Burdines and Richards offered assistance to knitters in the knitting and sewing headquarters in the Civic Center under the charge of League Member Mrs. L.A. Oates.

By April 1941, U.S. Army soldiers transformed Miami Beach into a training camp. New League President, Leone Skinner and Marjory Stoneman Douglas asked for women to volunteer at the Filter Center, also known as the Air Raid Information Center located in the Ingraham Building. The Center was categorized as the one place in this area where war is being faced as an actuality, requiring the highest caliber of women volunteers.

Servicemen’s Pier

By October 1942, the Junior League was a commanding presence at the Servicemen’s Center, literally set up and run by Leaguer Kay Pancoast, Arva Moore Parks tells us. More than 100,000 Air Force officers were trained in Miami so this was a major project with “everyone in the League recruited to help,” Arva said.
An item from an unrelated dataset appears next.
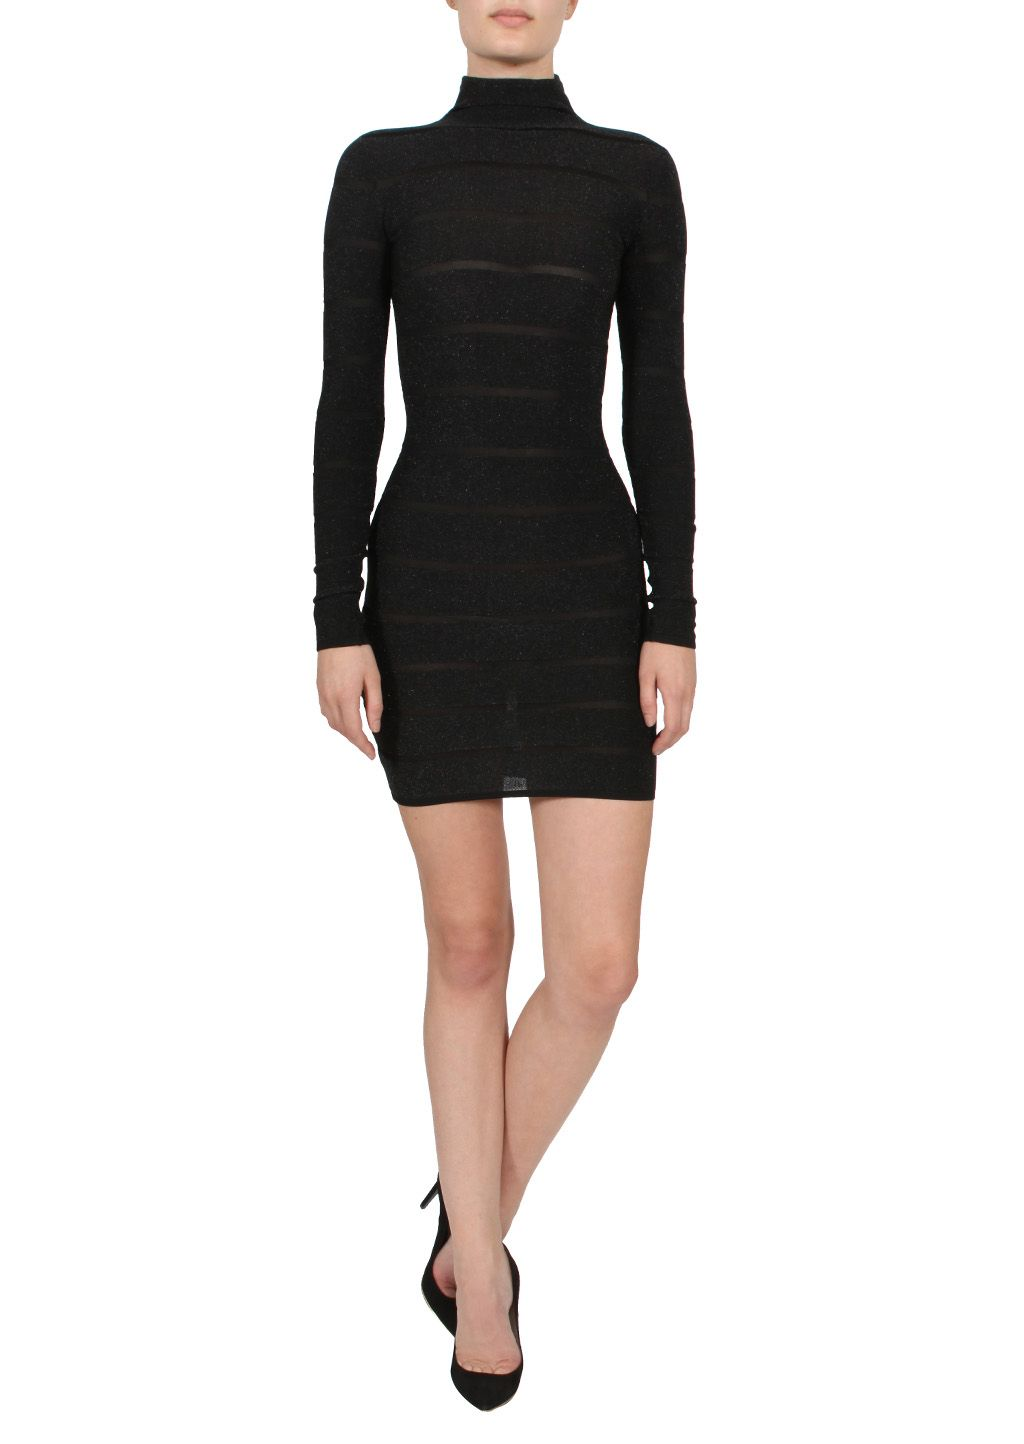 Balmain Dresses :: Balmain black lamé knit striped dress | Montaigne Market

The Center’s mission was to create a home atmosphere that could not fail in its relaxing effect. The duties seemed unimportant . . .sewing on a button, providing a safety-pin for a sailor’s pants that want to slip off his reduced frame. . .listening to him when he wants to talk about his folks, his girl. As Member Blanche Barco further noted, “These boys appreciate it.”

Miami was port of entry to men who experienced dangerous service on various fronts-from China, Africa, India, and the South Pacific. Along with U.S. sailors, came those from England, Norway, Holland, Canada and Australia.

The work of the League continued in the welfare arena with the Family Services Bureau. By February 1943, the League proclaimed “Our Members Work For Victory!” Tropical Topics stories abounded with announcements of war babies and debutantes marrying young men of the various armed forces.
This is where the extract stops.